INSTRUCTIONS TO FOLLOW =
Reproduce all entries below verbatim. Skip the pictures.

RAW DATA =

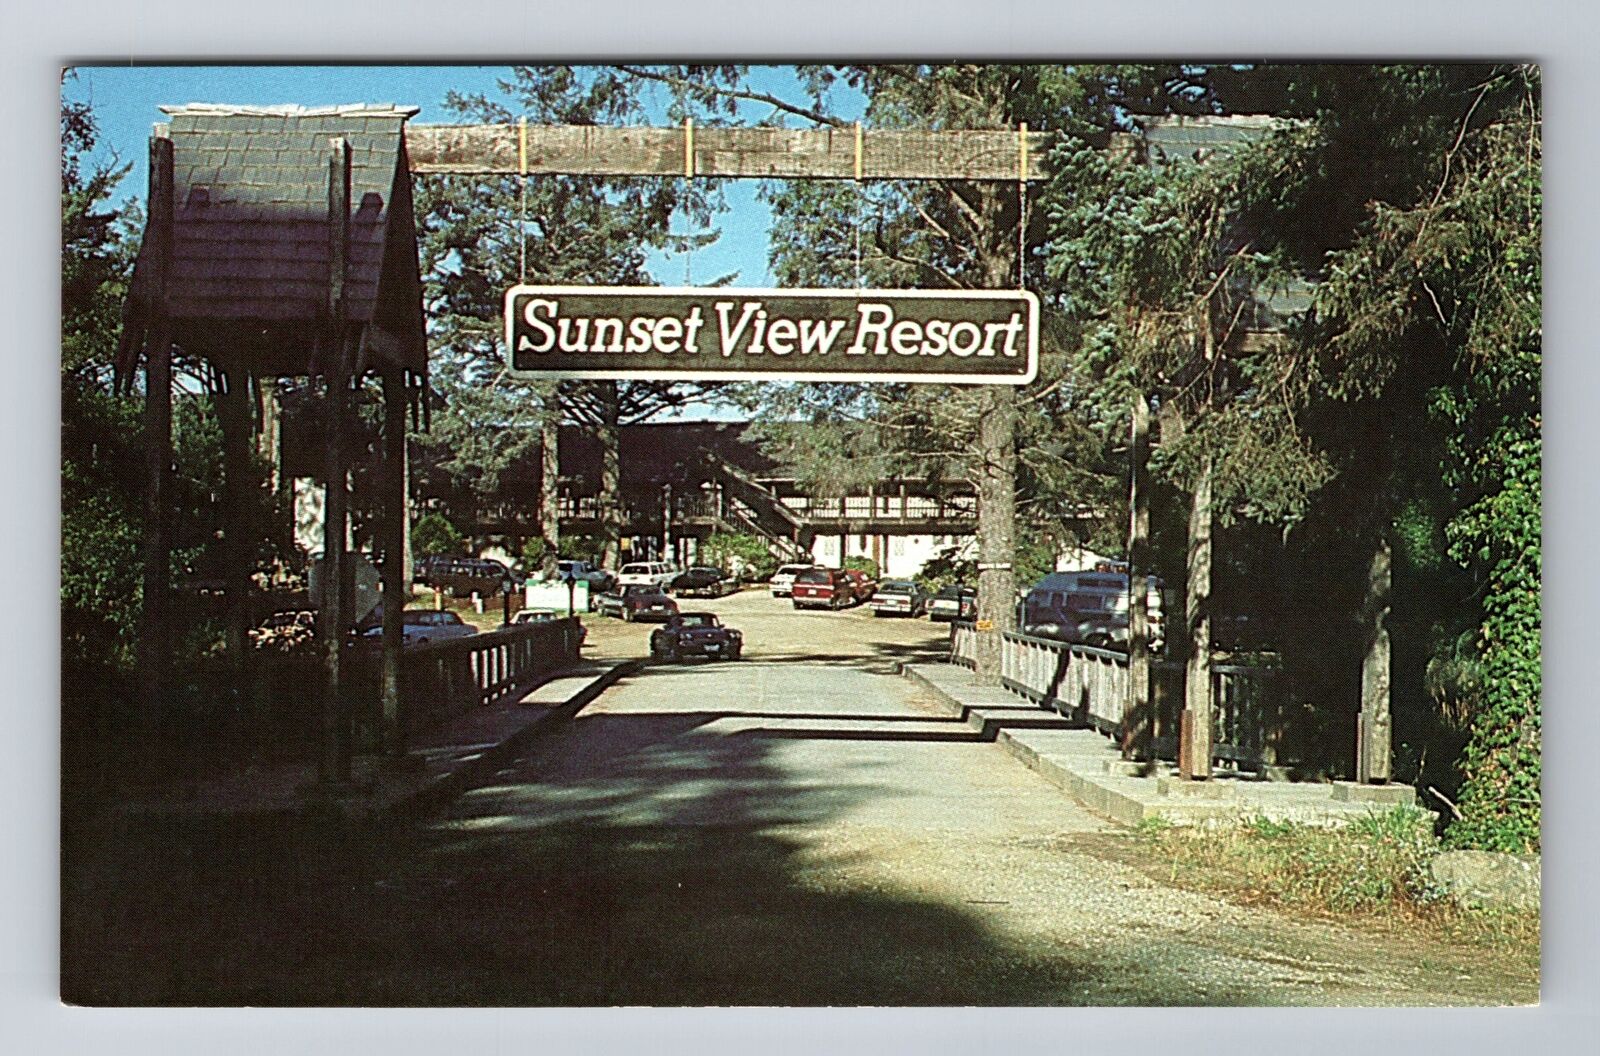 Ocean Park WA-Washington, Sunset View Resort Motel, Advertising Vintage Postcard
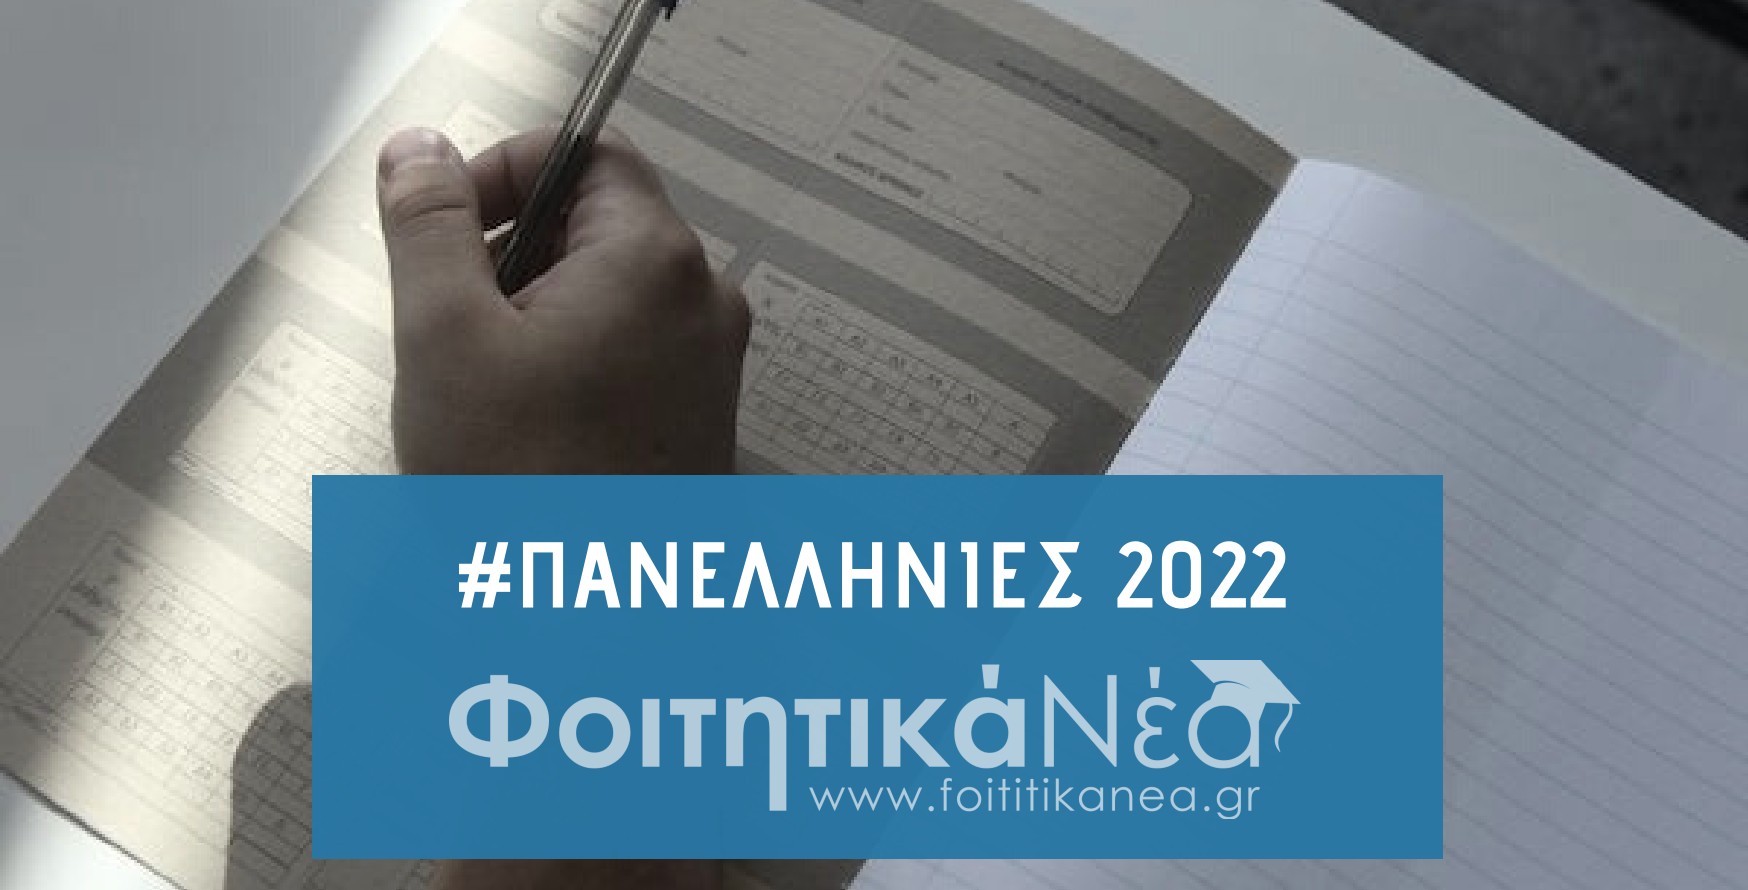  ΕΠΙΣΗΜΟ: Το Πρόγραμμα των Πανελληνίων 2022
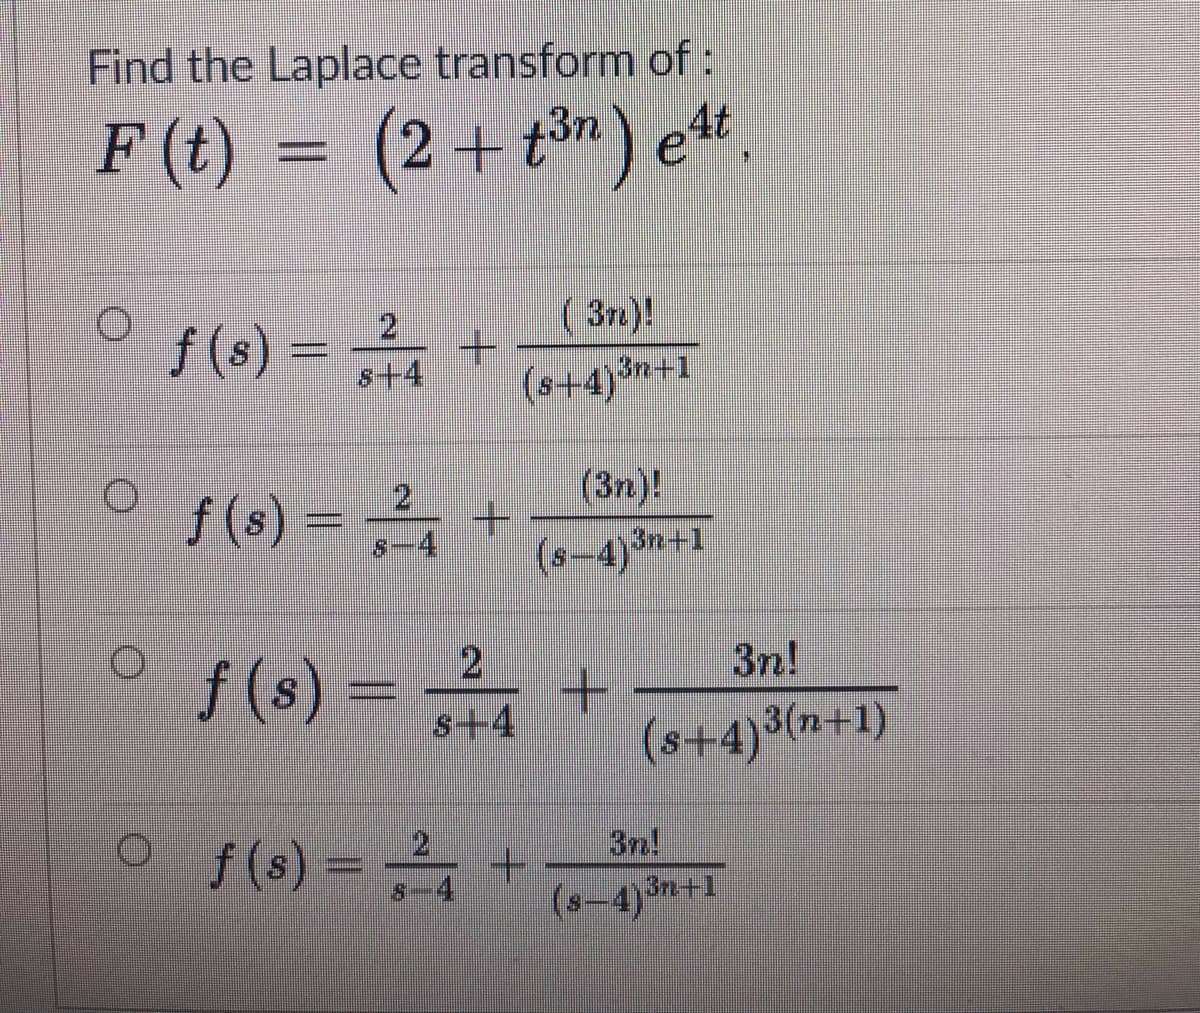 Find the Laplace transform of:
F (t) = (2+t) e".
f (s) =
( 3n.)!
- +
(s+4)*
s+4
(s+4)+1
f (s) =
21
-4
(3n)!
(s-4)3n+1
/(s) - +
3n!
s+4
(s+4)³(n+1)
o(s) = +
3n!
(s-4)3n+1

RESULT OF THIS TASK =
 Ocean Park WA-Washington, Sunset View Resort Motel, Advertising Vintage Postcard
  ΕΠΙΣΗΜΟ: Το Πρόγραμμα των Πανελληνίων 2022
 Find the Laplace transform of:
F (t) = (2+t) e".
f (s) =
( 3n.)!
- +
(s+4)*
s+4
(s+4)+1
f (s) =
21
-4
(3n)!
(s-4)3n+1
/(s) - +
3n!
s+4
(s+4)³(n+1)
o(s) = +
3n!
(s-4)3n+1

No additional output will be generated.